# Searching a good HBA Card.



## Armitage (May 4, 2016)

Hey,

first time in my life that I will need a HBA card.
I have never touched something like this....
So, I was hoping for getting good recommendations.
I made a extensive Google search and the Infos i found the most was kind of "LSI is very bad".
And because Supermicro is using LSI on board that cant be very good..
I found one test (somewhere) and the LSI was looking very bad.


I look for a card with up to 8 SAS Ports and very good performance.
Used on a Supermicro board with Dual Xeon, FreeBsd and ZFS.

Thank you for your time.


----------



## phoenix (May 6, 2016)

Avago (used to be LSI) 9211-8i

8x 6 Gbps SAS/SATA channels using multi-link ports (SFF-8087 connectors).  Can use either breakout (direct attach) cables to plug directly into harddrives, or multi-lane cables to plug into hot-swap backplanes.

These are our go-to cards for ZFS-based storage servers and Linux servers.  Fully supported by the mps(4) driver.

They're around the $ 150 US mark, depending on where you get them.


----------



## Phishfry (May 10, 2016)

The LSI 9211-8i is 6Gb/s right?
They are true workhorses.


----------



## phoenix (May 10, 2016)

Phishfry said:


> The LSI 9211-8i is 6Gb/s right?
> They are true workhorses.



Ah, yeah, you're right.  Post updated.


----------



## Phishfry (May 10, 2016)

I have flashed some of the IBM M1015 cards to LSI MPT firmware. They are versatile and cheap.
http://www.servethehome.com/ibm-m1015-part-1-started-lsi-92208i/


----------



## Phishfry (May 10, 2016)

The higher end cards use a battery backup module for cache.
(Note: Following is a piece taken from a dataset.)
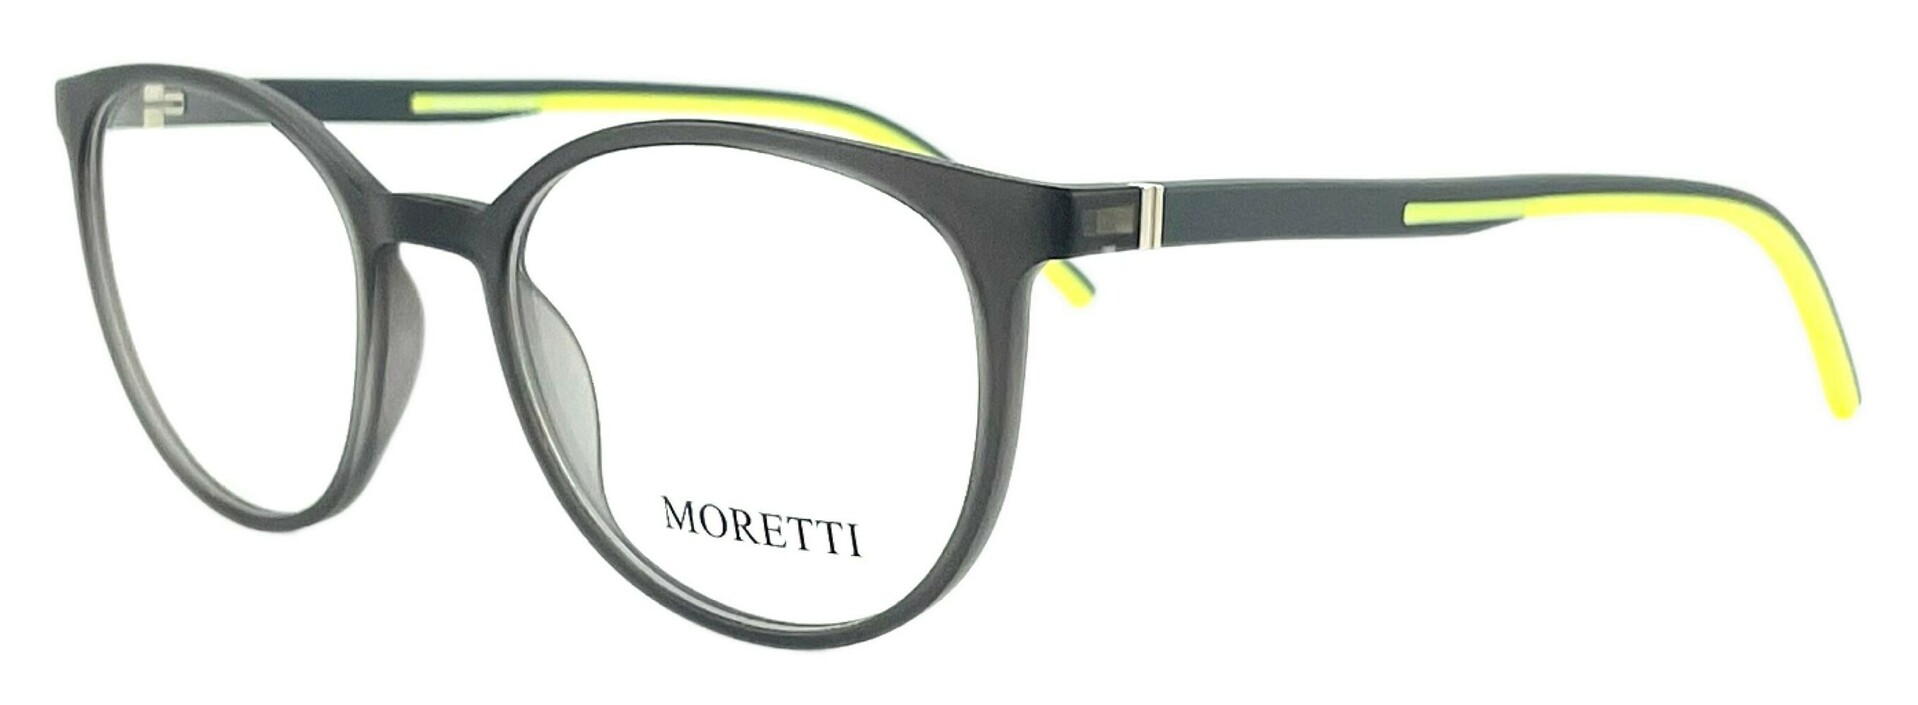 Moretti MZ10-17 C.02R 2

These batteries don't last forever and are very expensive.


----------



## sko (May 18, 2016)

Just do a search for "LSI 9211-8i" - there are lots of HBAs with this chipset on the market, sometimes re-branded by OEMs but most of them are just off-the-shelf LSI cards, maybe with an additional sticker. 
The only ones i'd avoid are the cards offered from China as they are too cheap to be "real". Original LSI 9211-8i are available for ~100-150$, the china/hong kong ones are usually <100$ for new cards and therefore cheaper than used "real" LSI cards...


----------



## sko (May 19, 2016)

If you need internal SATA-connectors instead of SFF-8087 you might also have a look at the ASUS P9D series mainboards and the PIKE 2008 addon-cards. The PIKE 2008 is basically a LSI SAS2008 HBA. The board runs everything from small Celerons to the biggest Haswell 4-Core Xeons and the PIKE Card doesn't occupy any of the PCI/PCIe slots. All SATA-Connectors are on the Mainboard, so cabling can be made quite clean (well, as clean as 14 SATA cables can be...). Board + PIKE Card are ~250 EUR, so it's really cost-efficient and you can spend more on RAM and/or CPU.
I've built my home-storageserver with this combination and a small Celeron CPU. It's easily quiet enough for the rack in the living room and <500 EUR for Board + HBA + CPU + 32GB ECC RAM...
I didn't run any "real" benchmarks on the PIKE HBA, but the performance of the ZFS pool (3x2 mirrors + 2x 60GB SSD for SLOG and L2ARC) is good enough to keep both 4GB FibreChannel links to my desktop system saturated...


----------